Don’t Wait to be Happy

Not too long ago, I found myself a complete and utter failure down in the depths of despair. Being abroad had done a number on my body and my soul. And, as I began looking for internships to apply to, I realized that my once flawless transcript had become something that I was less than proud to call mine. I found myself on a college campus with no idea who I was and beyond that, I was more or less utterly alone. To summarize, I was a self-pitying, depressed pile of poop.

Now because I was still on a positivity kick blah blahblah. Here’s what I told myself. In fact, this is what I wrote on tumblr:

I keep thinking that because i’m a failure today, i’m going to continue being a failure for the rest of my life. but then i remember how much has changed over the past year. How much i’ve changed. And i have a little sliver of hope, that maybe if i start changing things little by little in the right direction, in a year or two from now, i’ll be a completely different person. but this time it’ll be for the better. Who i am now isn’t who i’m going to be forever.

So basically, its okay to feel negatively about myself because one day, I’m not going to be this person anymore. And that’s the problem. Why wait for the future? I feel like we do so much of that. I will be happy when I get into college. I will be happy when I graduate and get a job. I will be happy when I lose 10 pounds. I will be happy when I get married and have children. I will be happy when I retire and have all the time in the world.

Looking back, I have rarely ever been satisfied or happy with where I was. Sometimes for a brief moment or two. Like the day I returned from Japan, proud of what I had accomplished and delighted to finally have a bed and my own room and functional legs. But this satisfaction never lasts. I am always left wanting more.

But I have discovered that there can be positivity in every moment, but sometimes it is harder to find than others. Take right now for instance.
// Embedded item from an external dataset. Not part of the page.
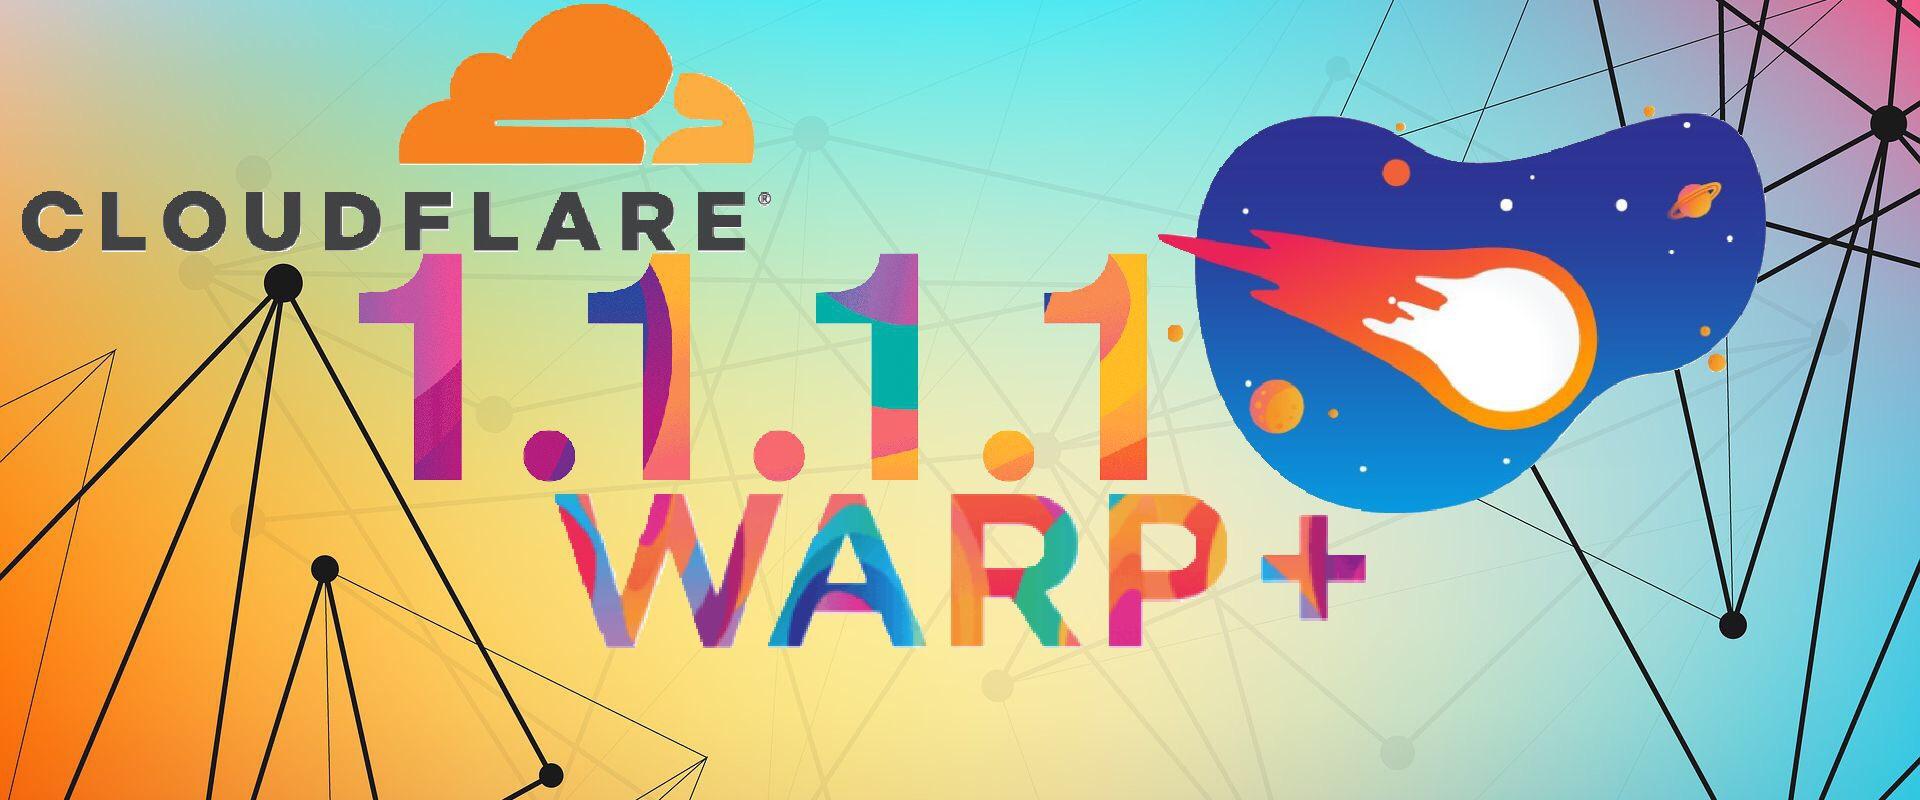 DNS CloudFlare 1.1.1.1.: in attesa di Warp, il nuovo VPN dedicato

I wouldn’t say my life is particularly in order. And if asked, I could list infinite things that I are horrible right now. I feel more alone now than I’ve ever been before, but its also hard to say for certain. It’s easy to be negative, to pinpoint things that you wish could improve even if you believe that they will. But that doesn’t really do any good. Instead, I choose to breathe, take my stress in stride, be proud who I am. It doesn’t mean I can’t look to the future. It just means that I can also look to the now and be happy with where I am on my journey.

I’m writing this because I often see posts where people talk about how their lives are going fantastically now: they are married, expecting their first child, and have their dream job, when only five years ago, they were severely depressed and self-harming. And these posts are wonderful no doubt, they give people hope, hope to keep living because of the prospect of such a future. But it doesn’t address the depression that people are in now. The depression that sucks someone in because their life actually is in shambles, because they feel alone and abandoned and like a complete failure. And I wish someone had told me that none of these things make you a failure. That everybody experiences these feelings no matter how complete they look on the outside. And that you don’t have to wait for things on the outside to get better in order to be happy on the inside. Because these things do not make a person a failure, it makes them human, a little too human.

I know this isn’t really a complete thought because I’m still learning myself how to be happy with who I am right now. But its just a thought. Yes, things will get better. But that doesn’t mean that things right now are bad. You are not a failure. You are a success for living and for being brave enough to keep going.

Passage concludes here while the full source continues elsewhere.